EXERCISE OBJECTIVE
Nothing outside the range is wanted. Repeat exactly the lines below from the one with "Piano Concertos - Shelley" through the one with "Aiwa XR-M130, XR-M150, XR-M151, XR-M152".
(PROVIDED ENTRIES Opens)
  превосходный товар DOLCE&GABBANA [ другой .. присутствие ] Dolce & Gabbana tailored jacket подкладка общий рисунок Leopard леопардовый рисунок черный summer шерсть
(PROVIDED ENTRIES Closes)
(PROVIDED ENTRIES Opens)
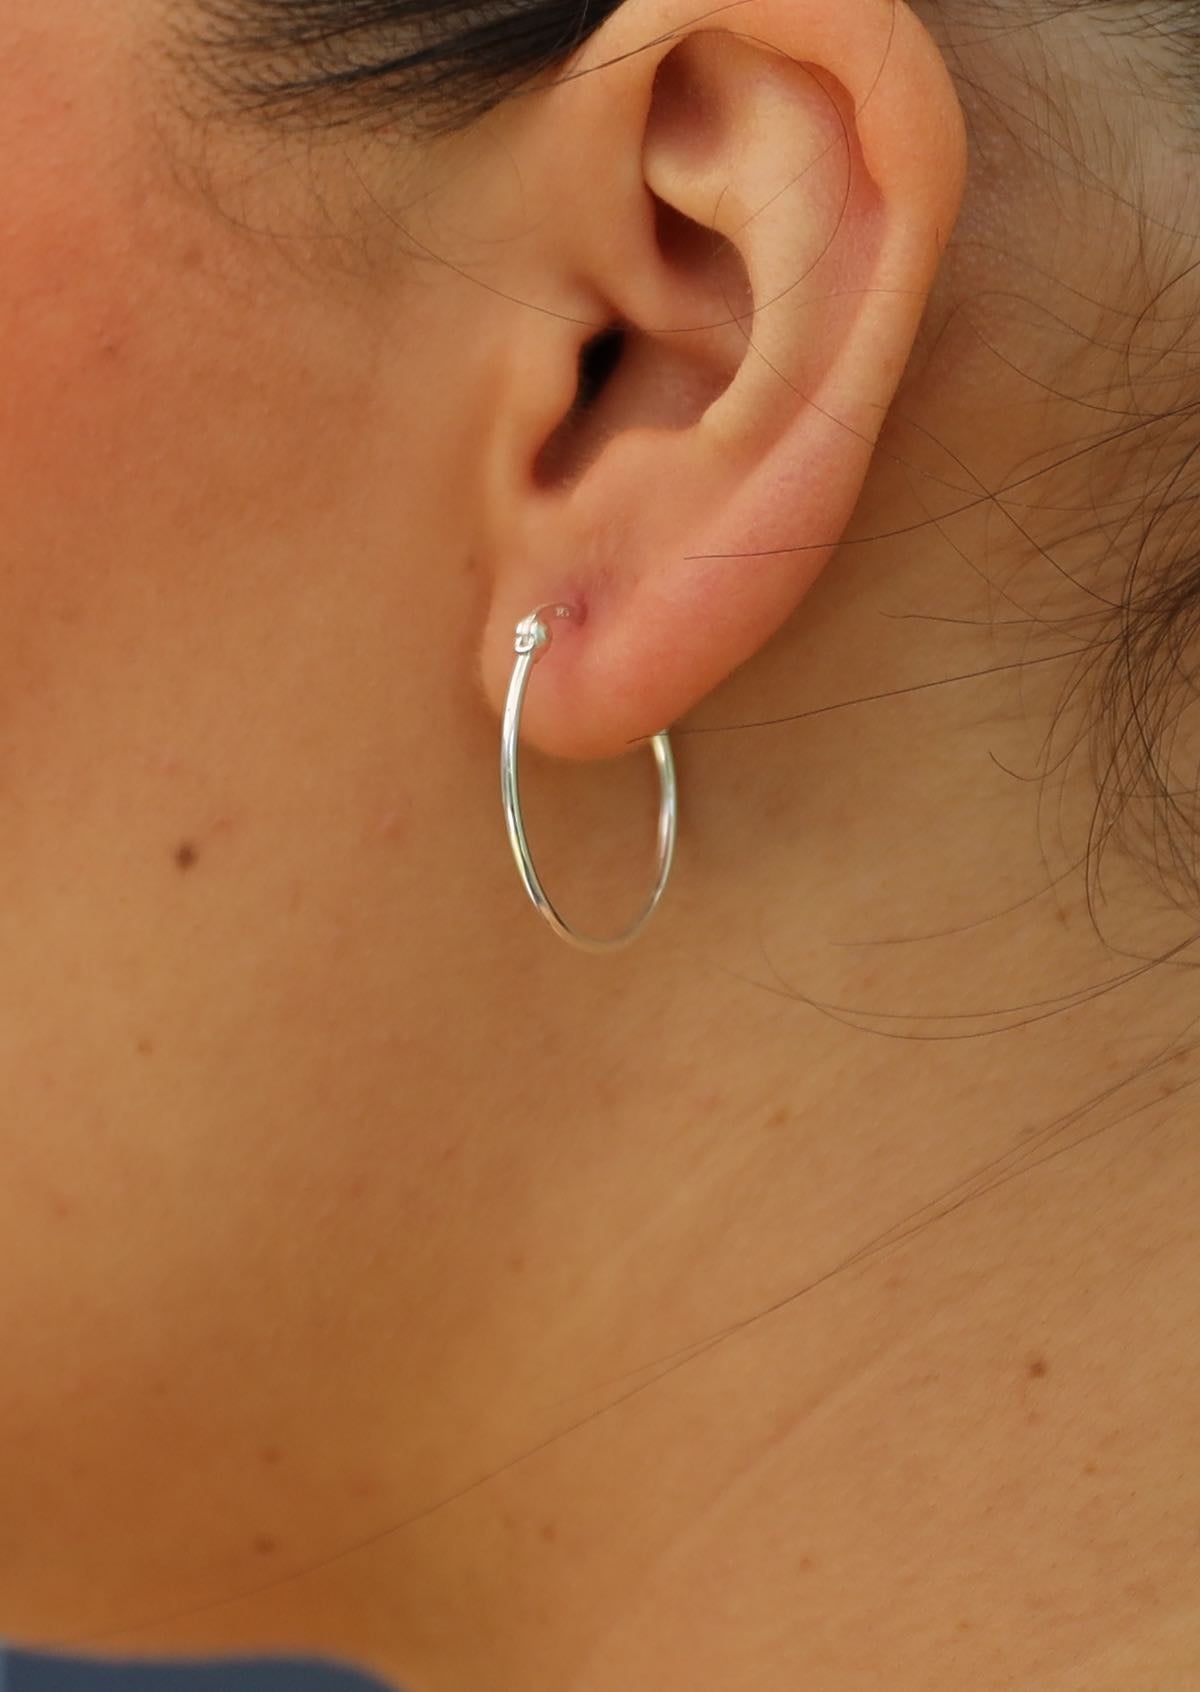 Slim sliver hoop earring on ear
(PROVIDED ENTRIES Closes)
(PROVIDED ENTRIES Opens)
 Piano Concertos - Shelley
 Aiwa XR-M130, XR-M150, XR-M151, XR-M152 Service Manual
(PROVIDED ENTRIES Closes)
ANSWER BOX
 Piano Concertos - Shelley
 Aiwa XR-M130, XR-M150, XR-M151, XR-M152 Service Manual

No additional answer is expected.